- _Supplied data_:
***

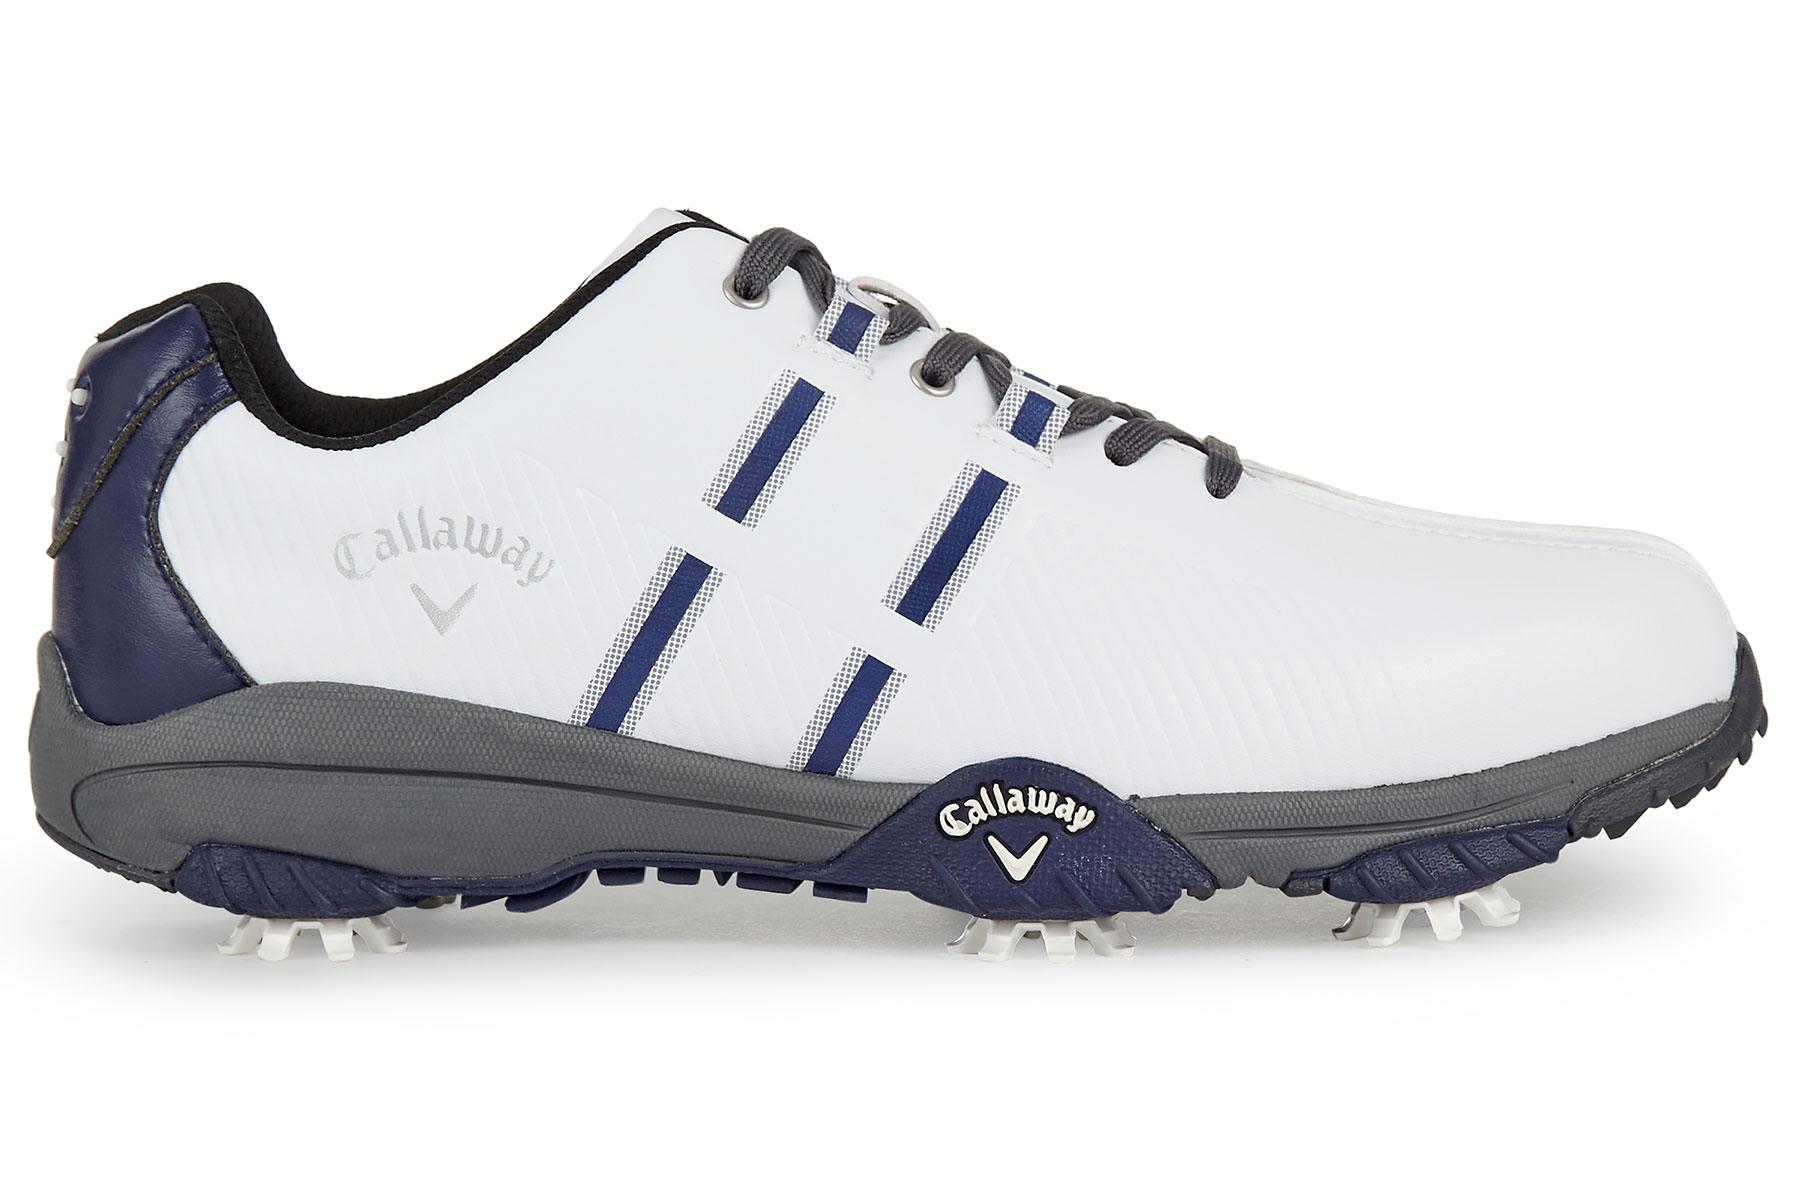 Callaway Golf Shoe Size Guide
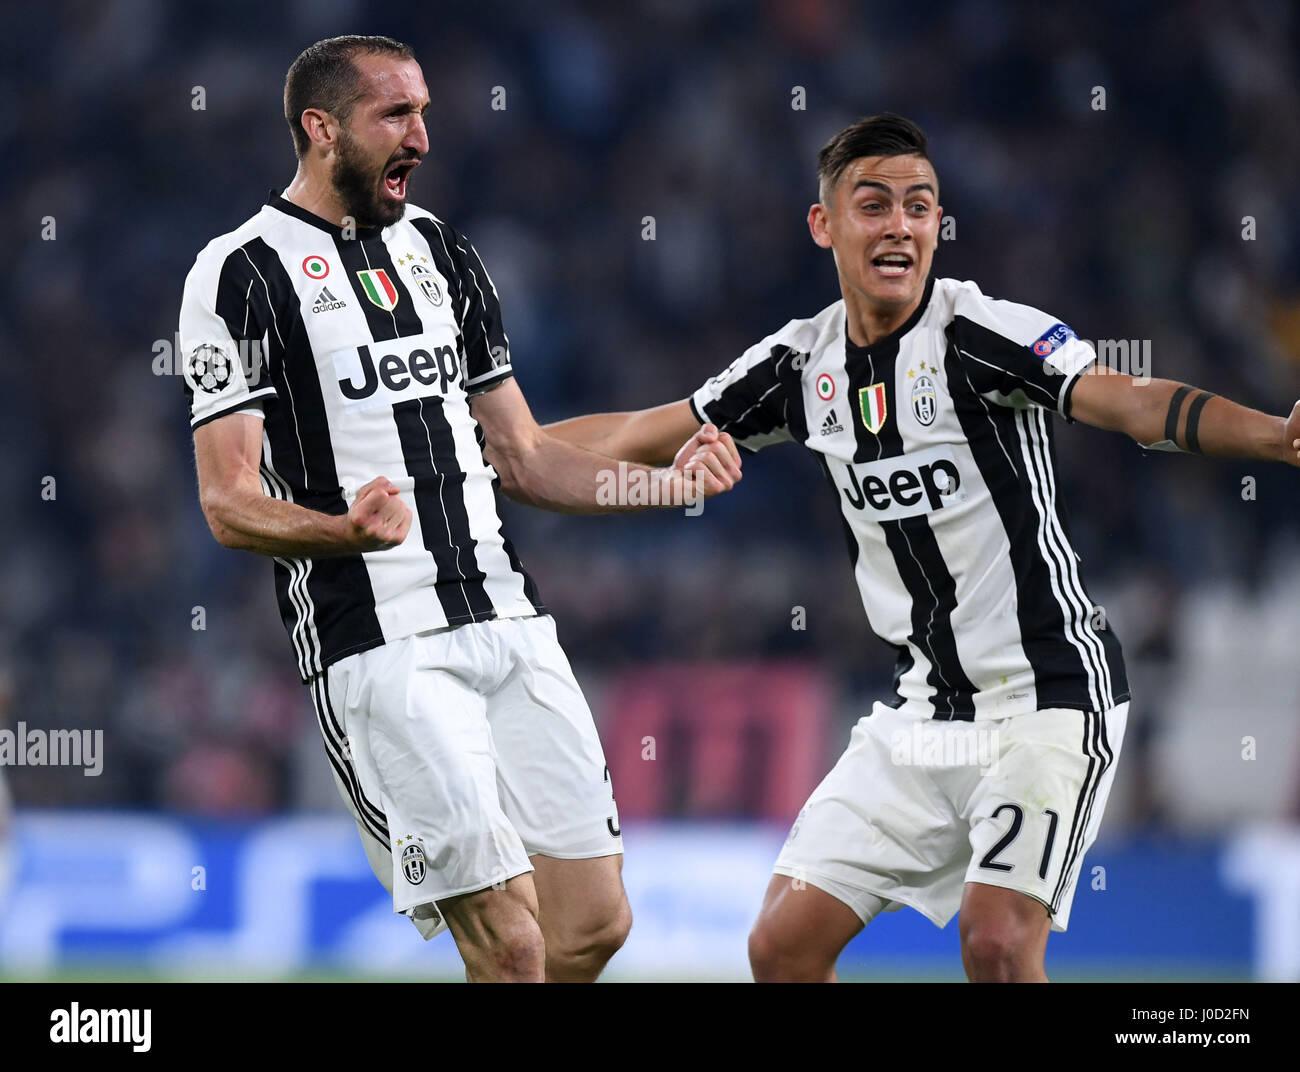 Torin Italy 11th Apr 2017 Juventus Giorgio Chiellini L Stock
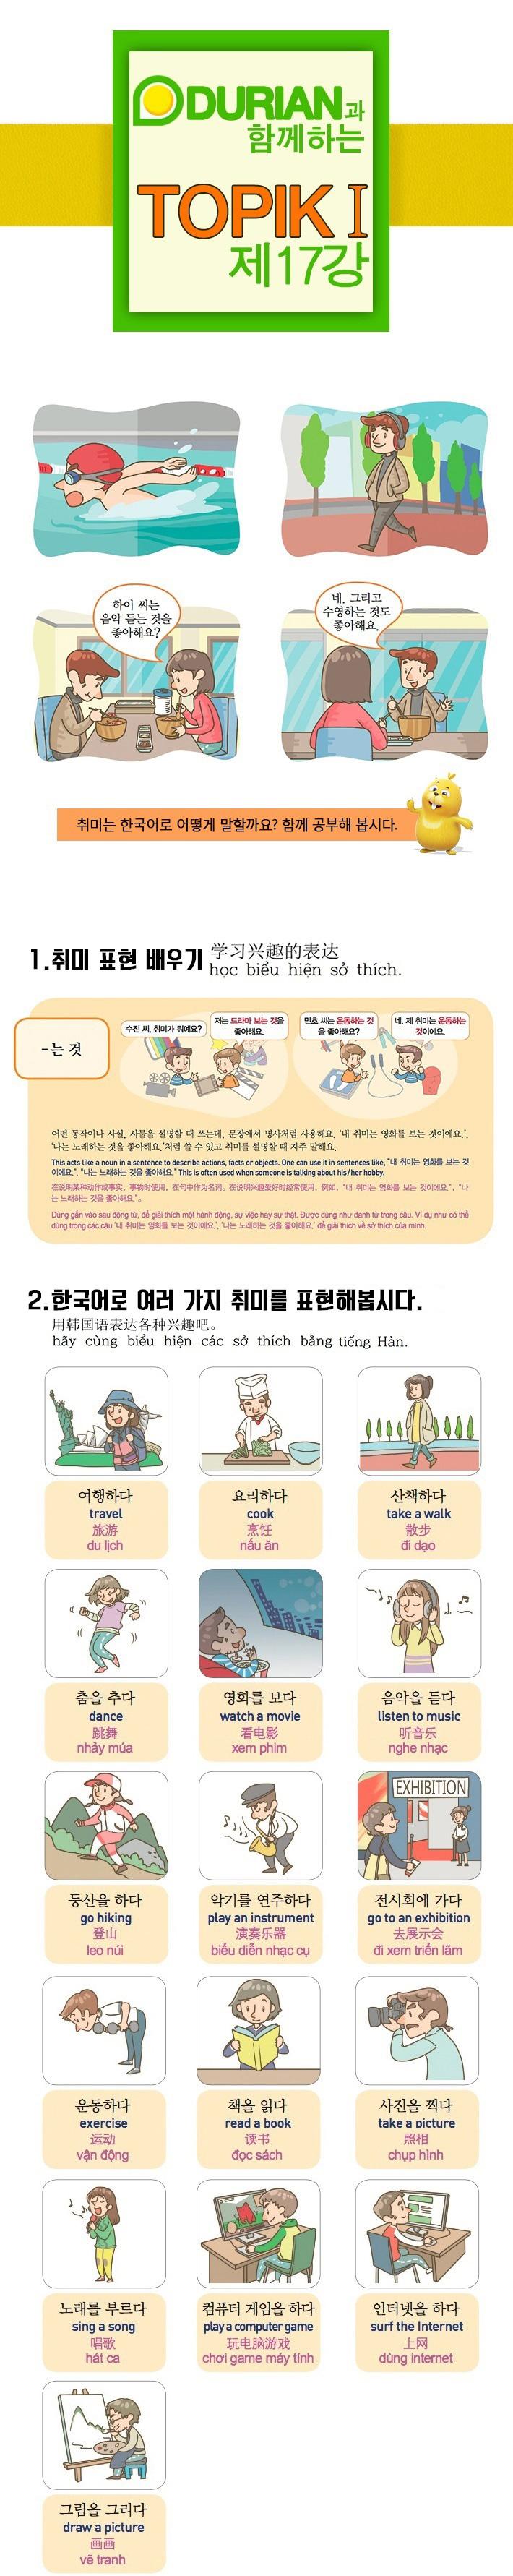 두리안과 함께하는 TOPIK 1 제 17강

***

- _What you need to do_:
Without any pictures, write out the lines running from the one containing "Torin Italy 11th" through the end of the listing above, both included, exactly as given.

- _Problem solution_:
 Torin Italy 11th Apr 2017 Juventus Giorgio Chiellini L Stock
 두리안과 함께하는 TOPIK 1 제 17강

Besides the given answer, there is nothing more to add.